I sit at my desk in the climate-controlled isolation of the server room. Ethan has the glass tower to intimidate investors, and Owen wanders the floor to charm the designers, but I prefer the steady hum of the mainframes.
From this corner, I can see every screen, every exit, and every threat. To an outsider, Mosaic looks functional.
The code is shipping. The beta metrics are green. The “Be Seen” campaign is tracking in the top percentile for engagement.
But I see the micro-fractures.
Ethan is running at 110% capacity. He hasn’t left the building in three days. He sleeps on the leather couch in his office, eats takeout at his desk, and speaks only in commands.
His cortisol levels are visibly critical. He is a machine running without oil, grinding its own gears to dust.
Owen is worse. He is quiet. Owen is never quiet.
The charm is gone, replaced by a sullen, restless energy. He spends his days staring at Tessa’s back and his nights drinking alone at Azul. He is a star that has burned out.

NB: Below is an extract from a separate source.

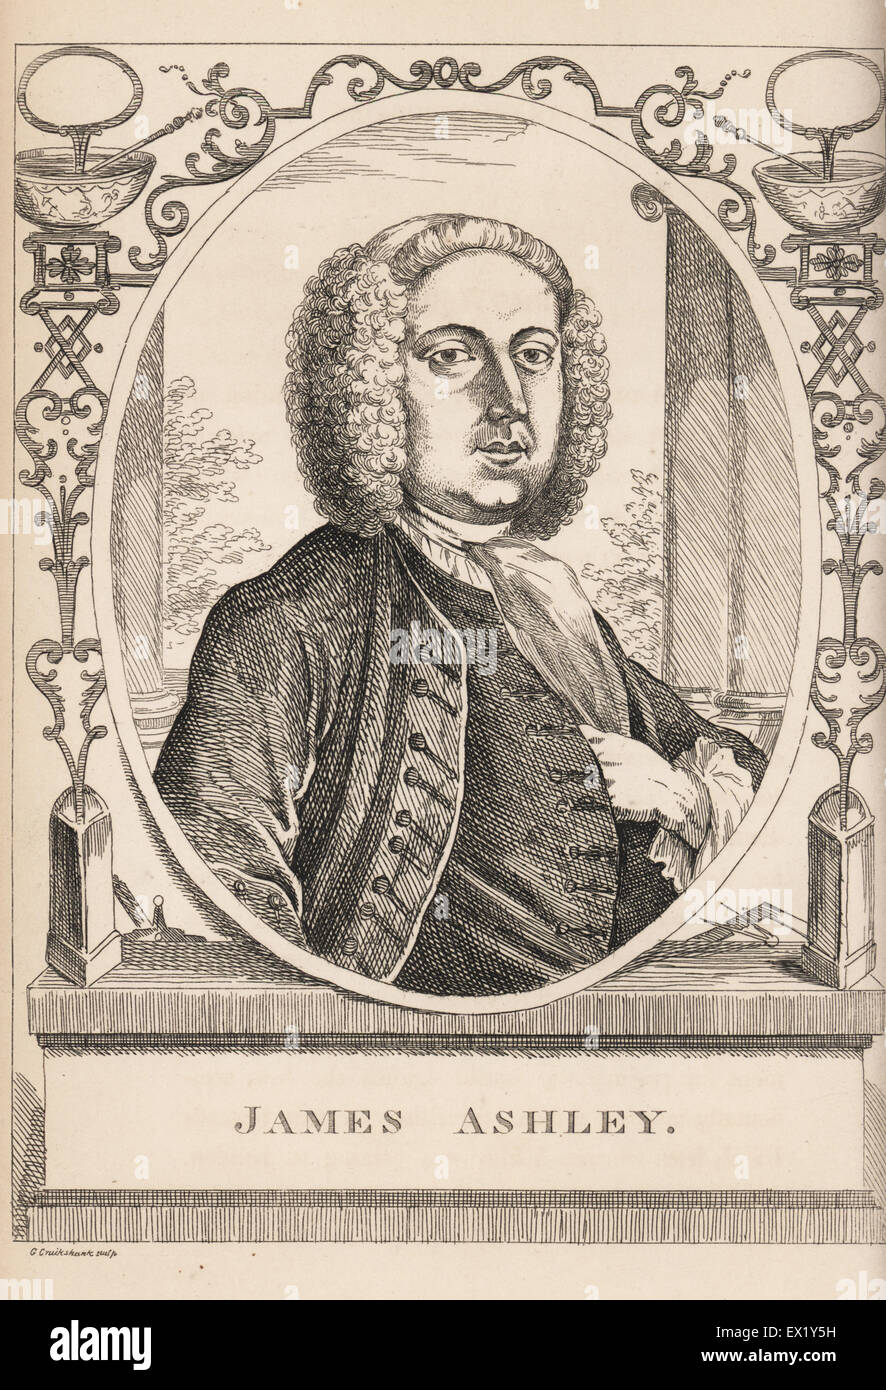 James Ashley, keeper of a punch house and brandy merchant. Copperplate engraving after George Cruikshank from John Caulfield's Portraits, Memoirs and Characters of Remarkable Persons, Young, London, 1819. Stock Photo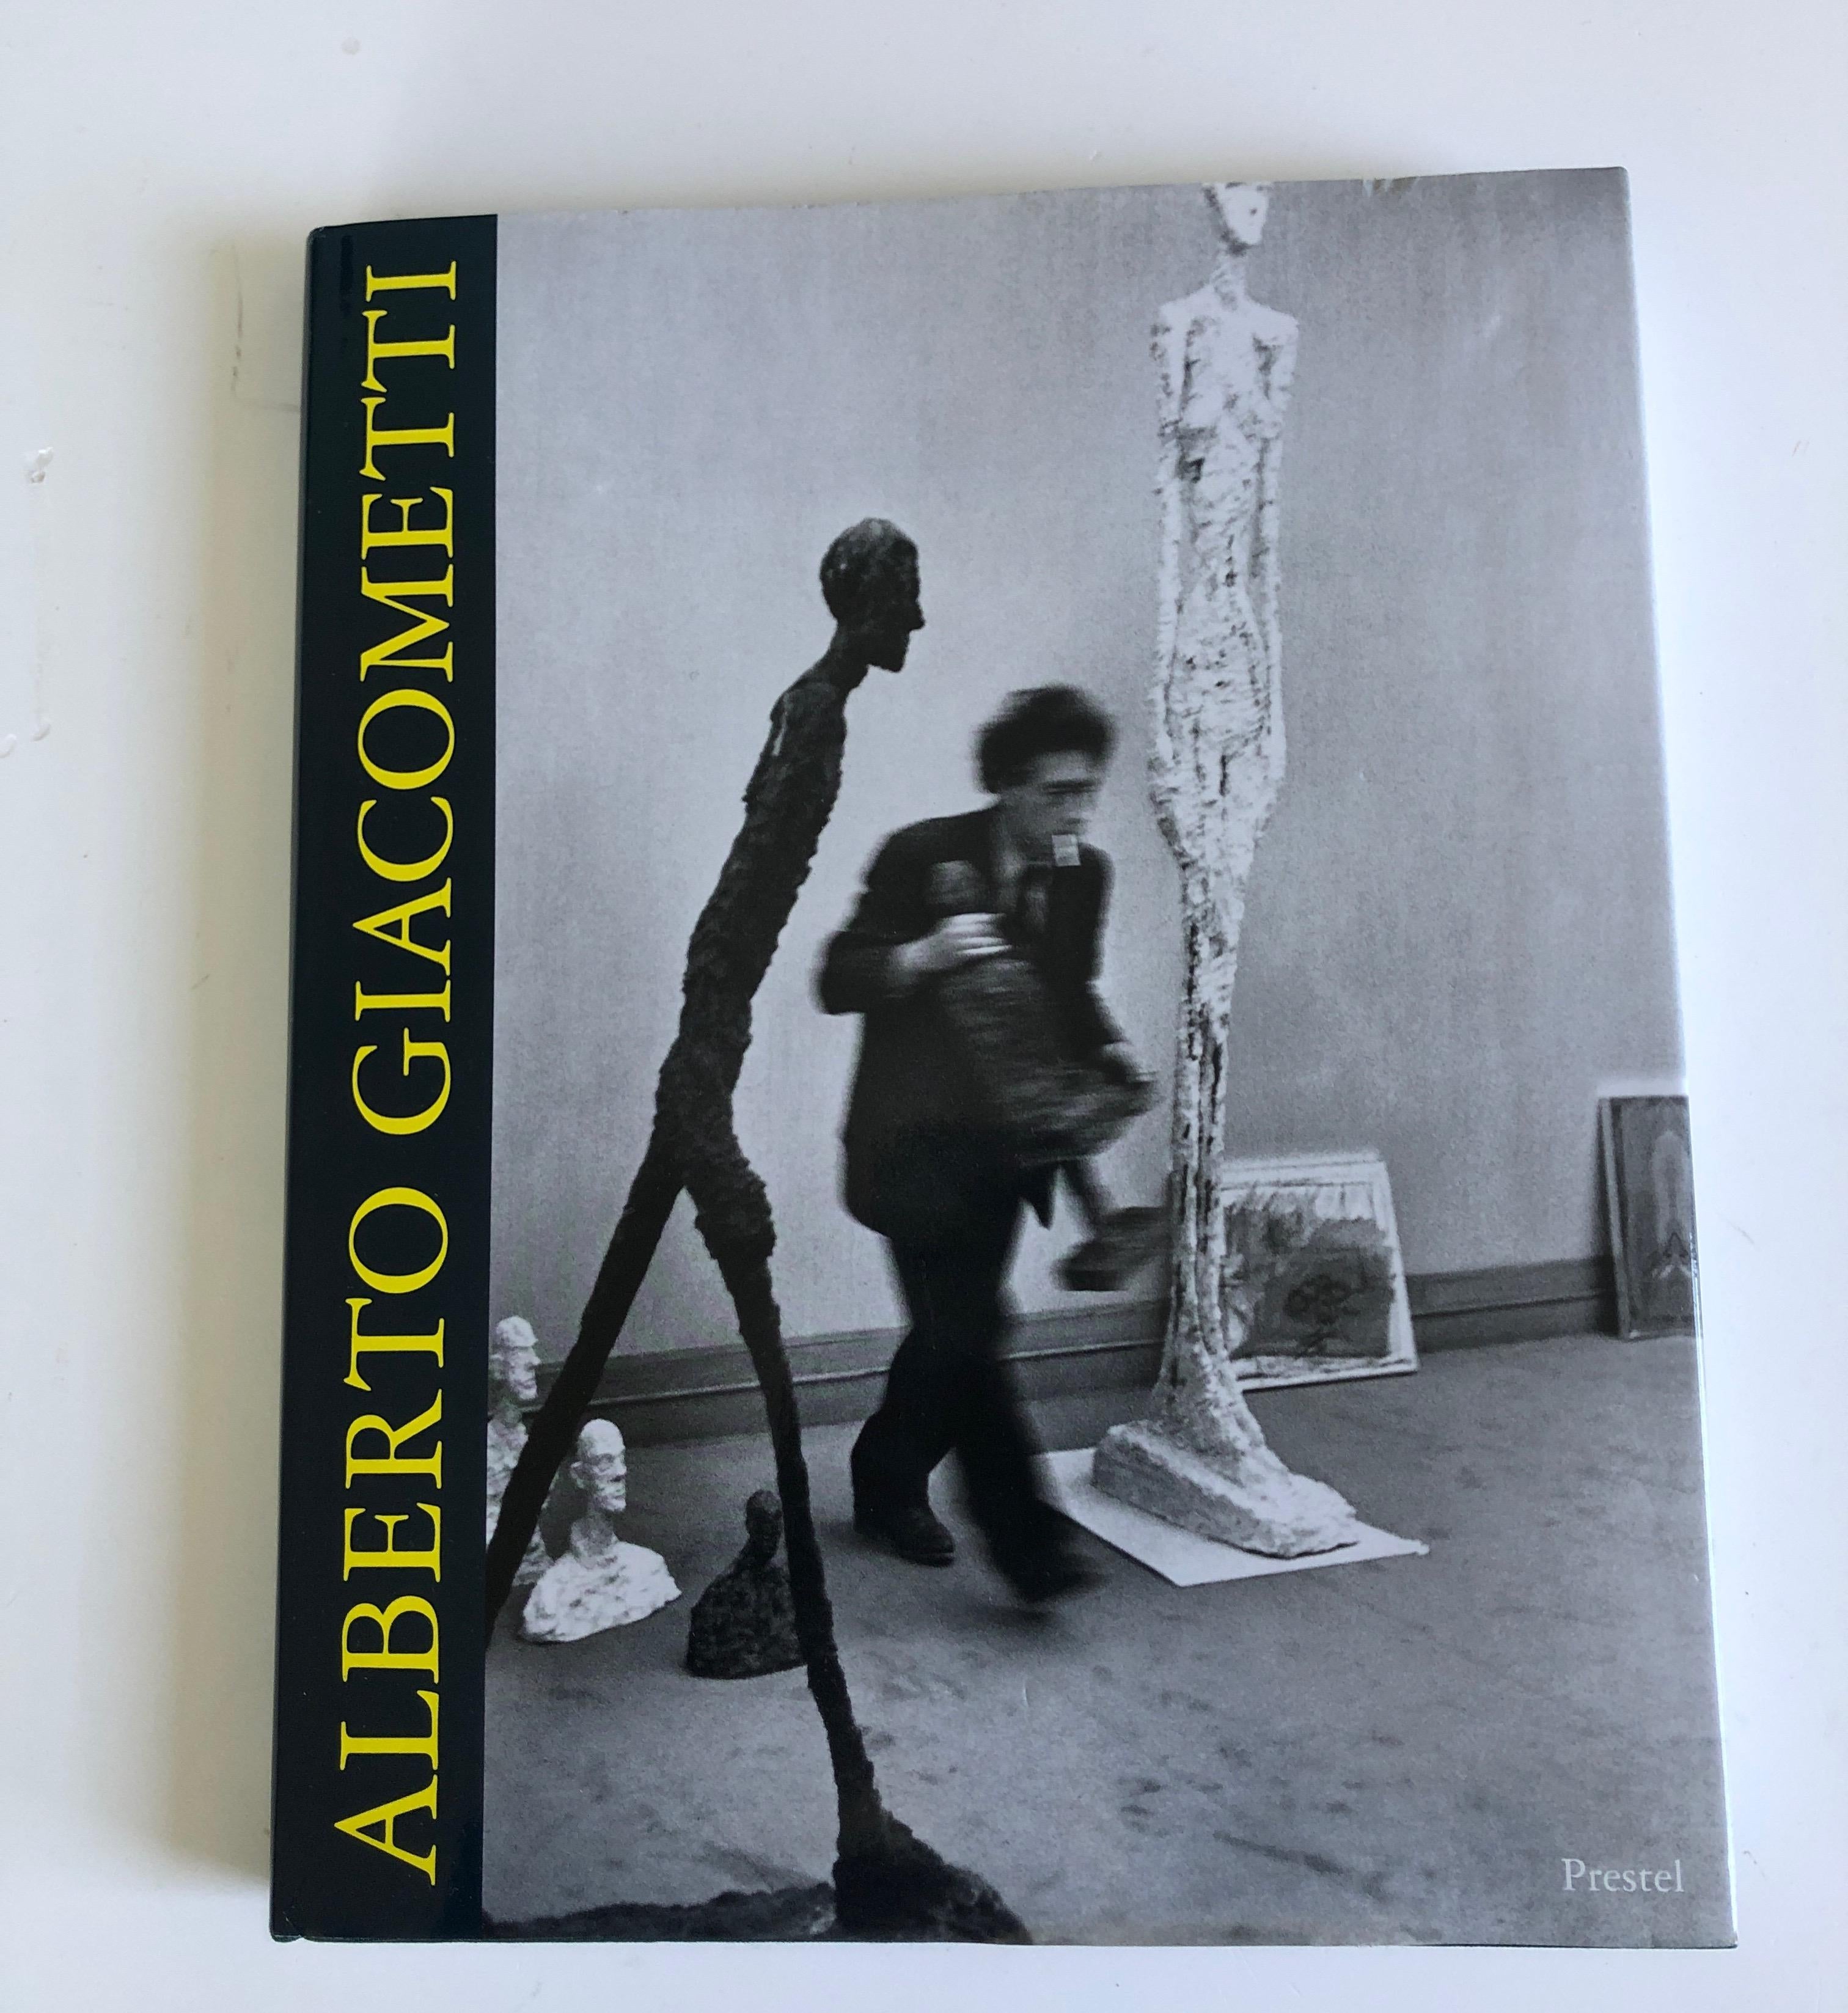 One of the great masters of 20th-century art, the Swiss sculptor Alberto Giacometti captured the existential loneliness of modern humanity with his spindly, attenuated figures whose life-like gazes pierce the vastness of space. Uniting more than 250

Earlier today, he pushed a commit to the repository without running the unit tests. It broke the login module for three hundred users. I fixed it silently without telling him because, if I told Ethan, Ethan would’ve tried to bury him. Or killed him.
We are degrading. The code is clean, but the hardware—us—is failing.
And Tessa.
I zoom in on the security feed on my second monitor. Camera 4 gives me the best angle of her profile.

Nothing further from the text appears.